Most technologies begin in military contexts before being applied to everyday use. AI for use in defense is being developed across the globe, with the US Pentagon beginning work on autonomous robots earlier this year.

Face-swapping technology was brought to the masses through a Snapchat filter, but the technology continues to advance. Face2Face, a project by researchers at University of Erlangen-Nuremberg and Stanford University, is a technology that allows for face-swapping in real-time. Meaning that you could manipulate the face of someone in a target video through your ordinary webcam.

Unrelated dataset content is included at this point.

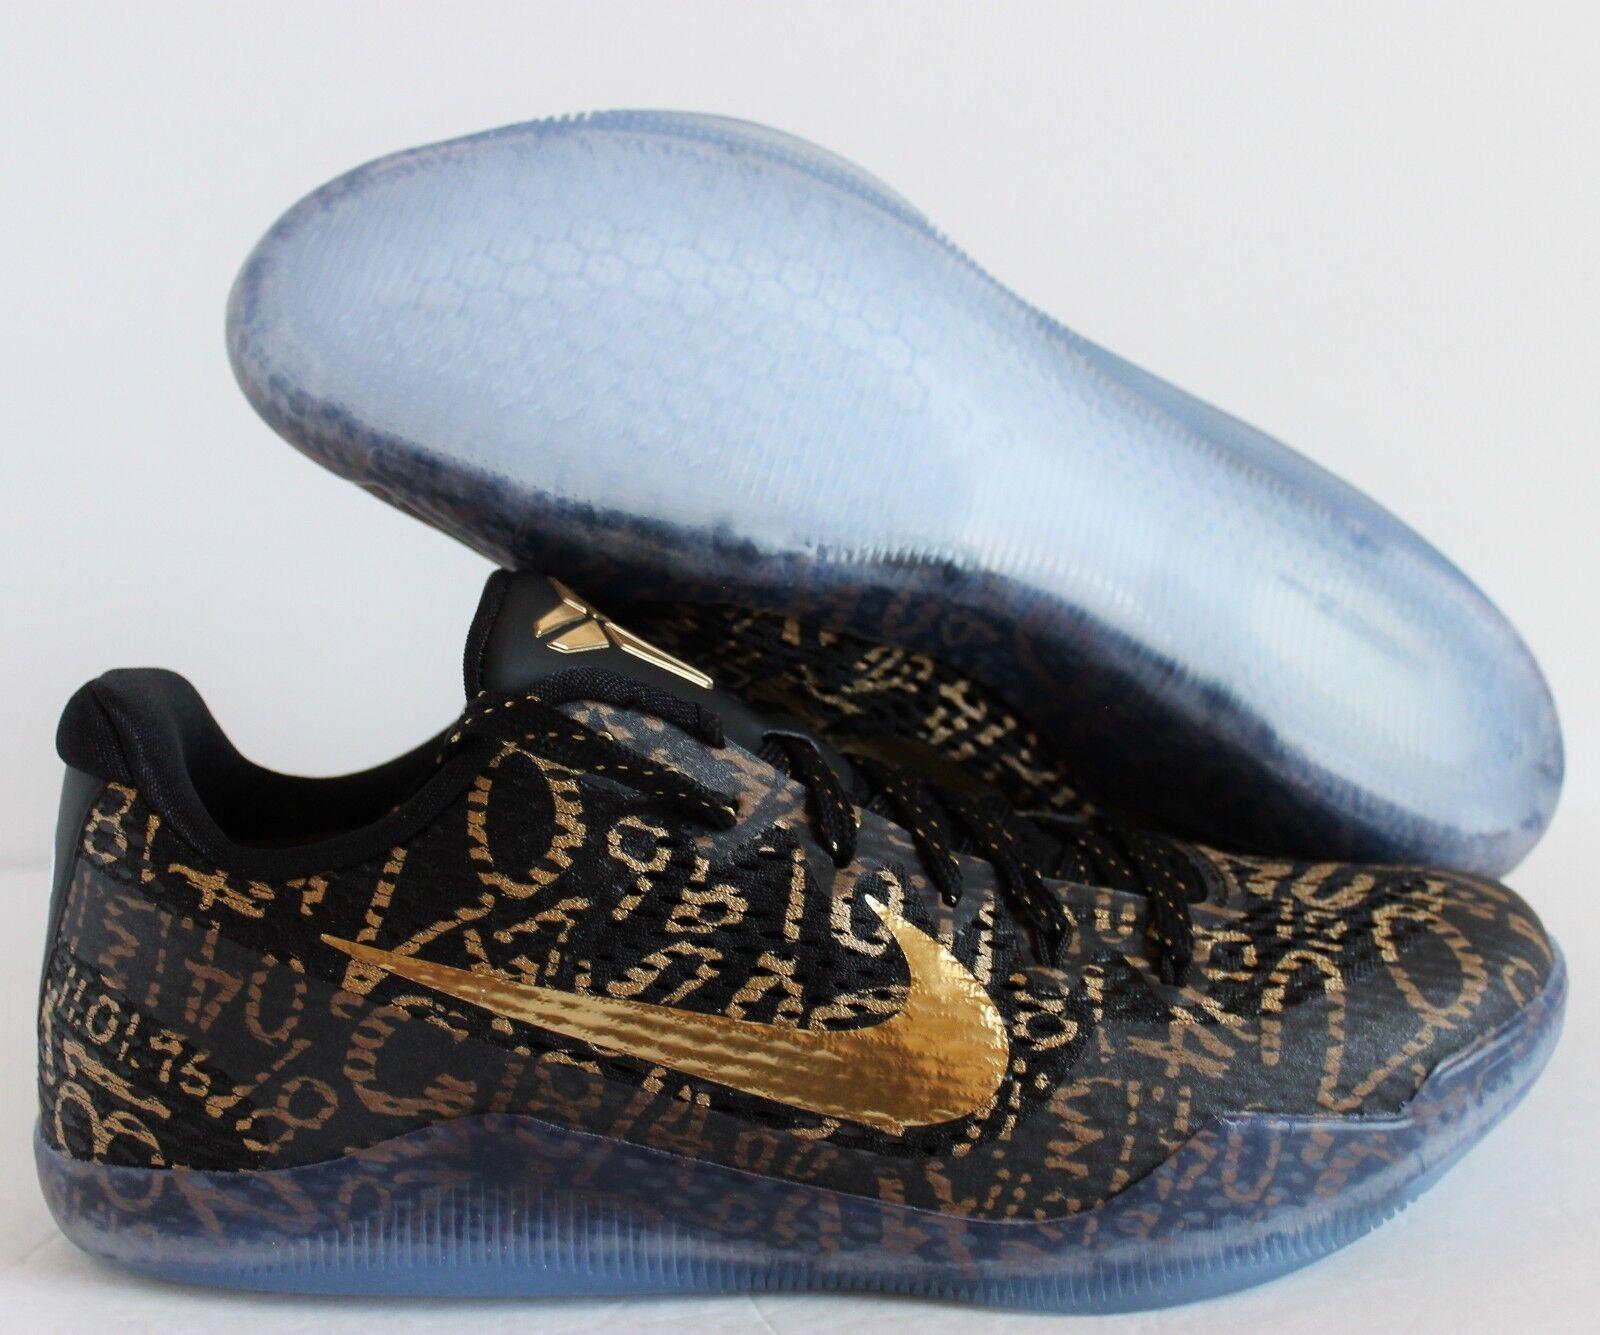 Nike kobe xi 11 id mamba giorno nero-gold sz 10 [865773-991]

Hate In the Nation, Netflix

Hated In the Nation

Synopsis: Targets of Twitter hate-storms become murder victims and London Met detectives, Karin Parke (Kelly Macdonald) and Blue (Fay Marsay) are called to investigate. Developments in the case point to links with Autonomous Drone Insects – or ADIs – bee like robots that have been created to help pollinate British flowers and crops after the decline of the country’s native honey bee population. The feature-length episode explores what can happen when trolls go too far.

Analysis: Hate incited on social media is a very real issue, with many figures being vilified and targeted through hashtags. And while social media storms can result in very real threats, the anger will often dissipate and die down. In Hated in the Nation, targets of the hashtag ‘#DeathTo’ are murdered by hacked drone insects.

Terrifyingly tiny drones may be in development. The UK’s IRIS (innovation and research) unit, an MoD project, received £880 million in funding earlier this year. Its innovative weapon ideas included ‘tiny dragonfly drones’ which can be used in urban warfare.